The main consideration (right now) is that you need to first call a method
called Base.start_reading to trigger Julia to start consuming the data.

The other alternative, is to call while !eof(f);
readbytes(nb_available(f)); end in a loop in a Task, and let it handle the
async work in the background (with respect to your other running tasks).
​

On Sun, Sep 14, 2014 at 1:00 PM, Dan Luu <dan...@gmail.com> wrote:

> Thanks!
>
> A related question I have is, is there an existing function that acts
> like recv/recvmsg/recvmmsg in C (with O_NONBLOCKING), which returns
> whatever's available? I was hoping readavailable would do that, but it
> blocks if nothing's available, which is why I'm checking nb_available.
>
> I can see why you'd warn people that the data may not be split the
> same way, but in this case I'm ok with receiving partial frames for
> whatever the definition of a frame is.
>
> On Sun, Sep 14, 2014 at 11:17 AM, Jameson Nash <vtjn...@gmail.com> wrote:
> > There are two answers here:
> > One is that writing the stream does not imply the data is immediately
> > readable, or will even be split up the same when received.

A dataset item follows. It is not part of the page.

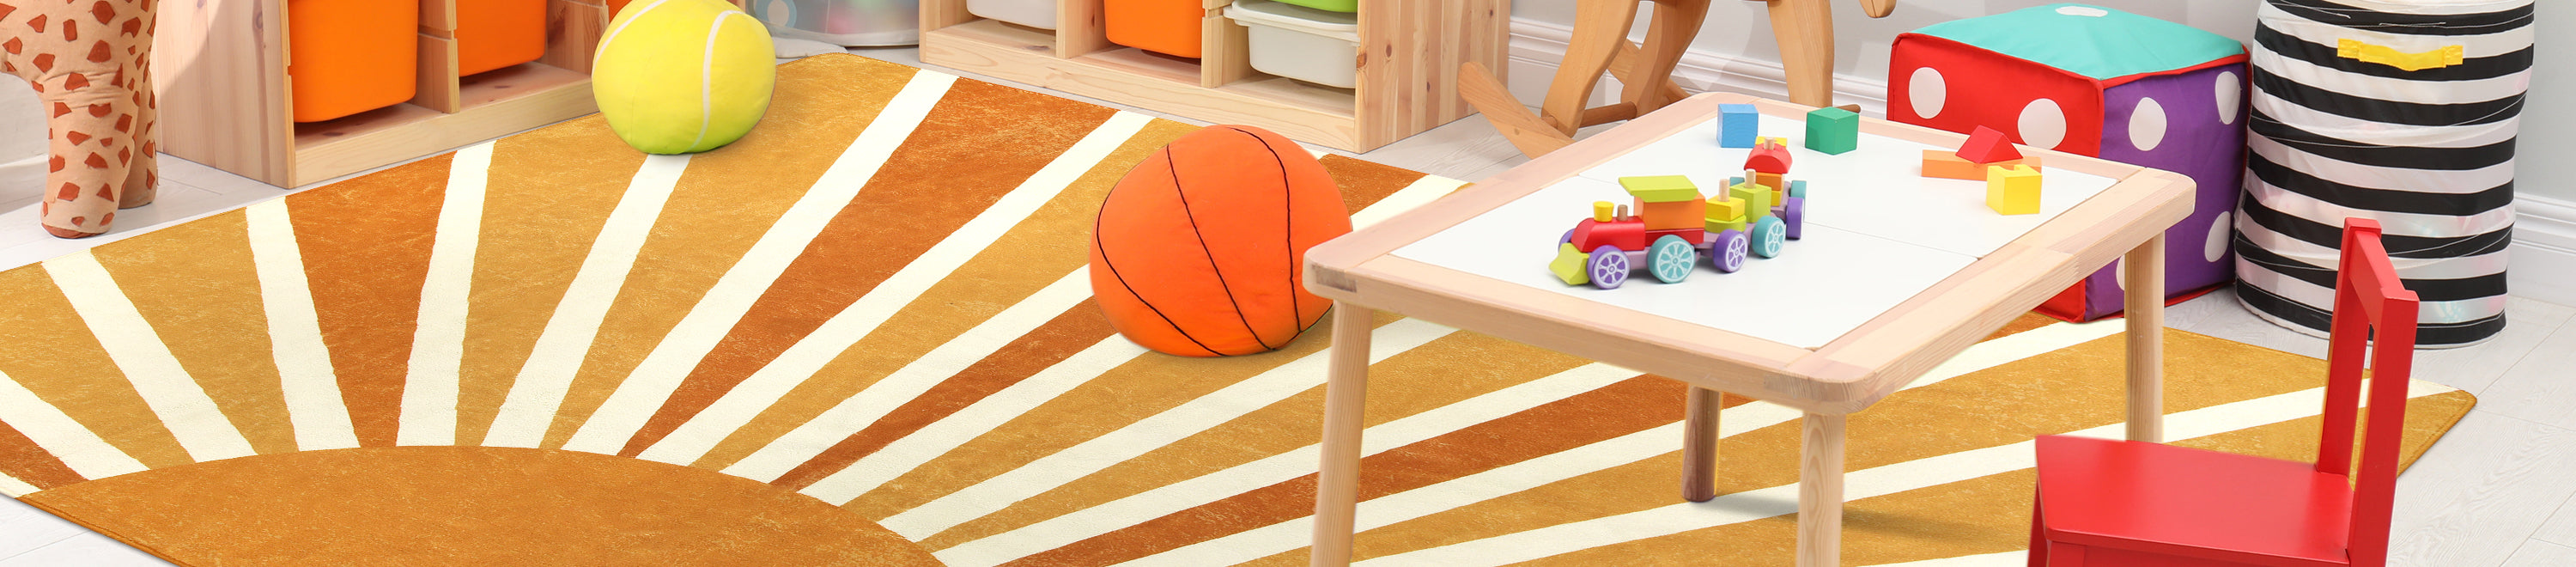 Adding Washable Kids Rugs into Your Nursery or Kids' Room Decor
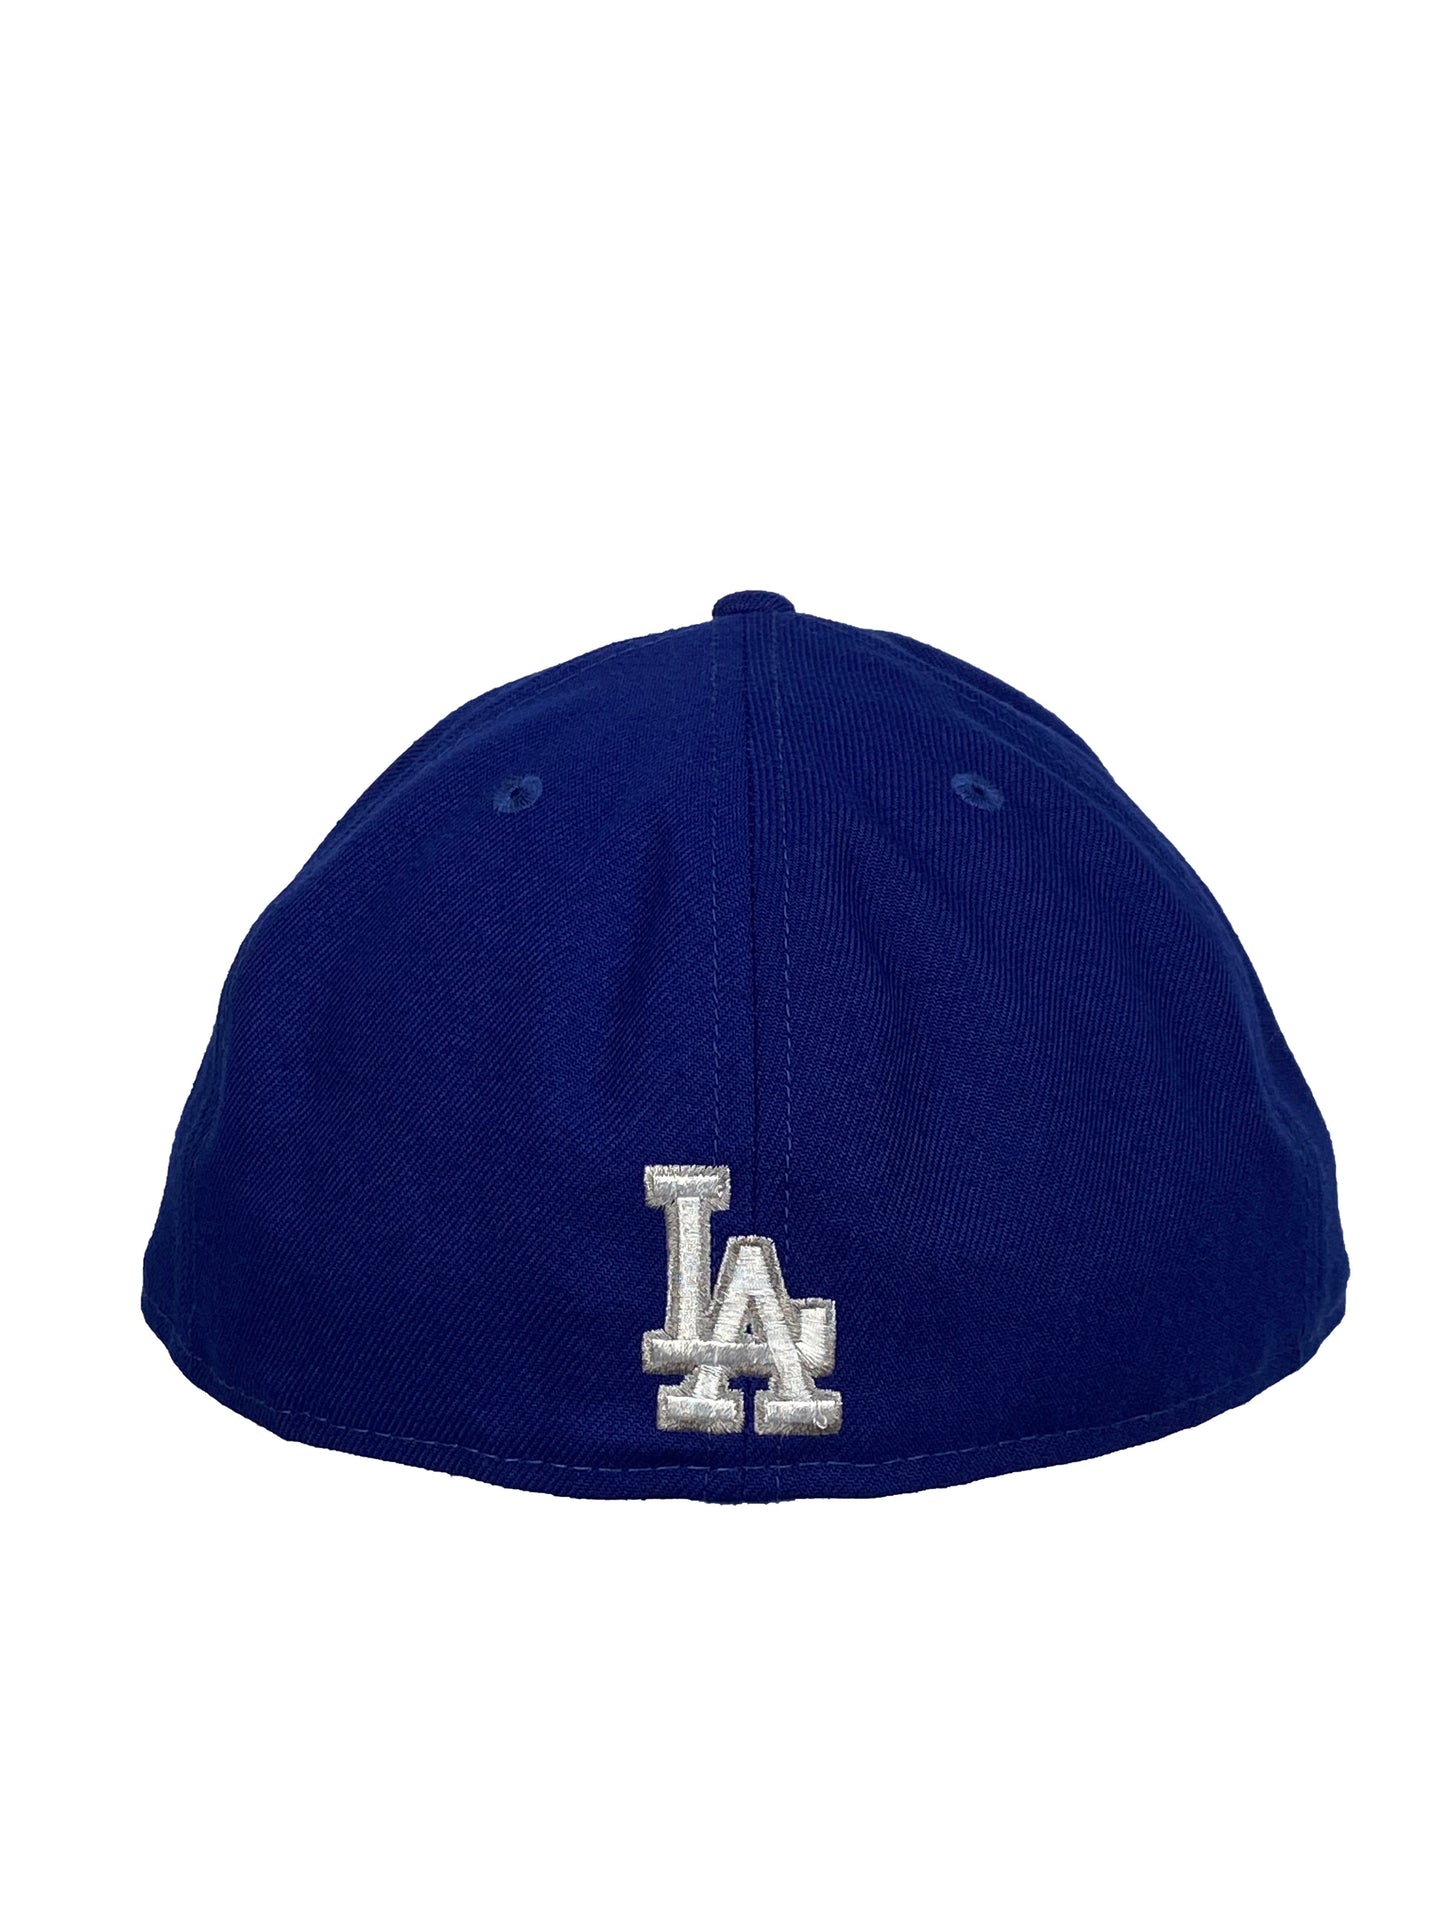 LOS ANGELES DODGERS GOLD STATE 59FIFTY

The second
> part,
> > is that Julia does not start consuming the data until you start reading
> it.
> > This is important because you might want to pass this handle to an
> external
> > process, and not have Julia consume part of the data I the meantime.
> >
> >
> > On Sunday, September 14, 2014, Dan Luu <dan...@gmail.com> wrote:
> >>
> >> julia> r,_ = redirect_stdout()
> >> (Pipe(open, 0 bytes waiting),Pipe(open, 0 bytes waiting))
> >> julia> nb_available(r)
> >> 0
> >> julia> println("foo")
> >> julia> nb_available(r)
> >> 0
> >> julia> println("foo")
> >> julia> nb_available(r)
> >> 0
> >> julia> readline(r)
> >> "foo\n"
> >> julia> nb_available(r)
> >> 4
> >>
> >> Even if there's data available, nb_available returns 0. From the name,
> >> I would have expected this function to return the number of bytes
> >> available. However, since there's no documentation, either in
> >> help(nb_available) or in the code itself, I can't tell if this is a
> >> bug or if this is behavior is by design.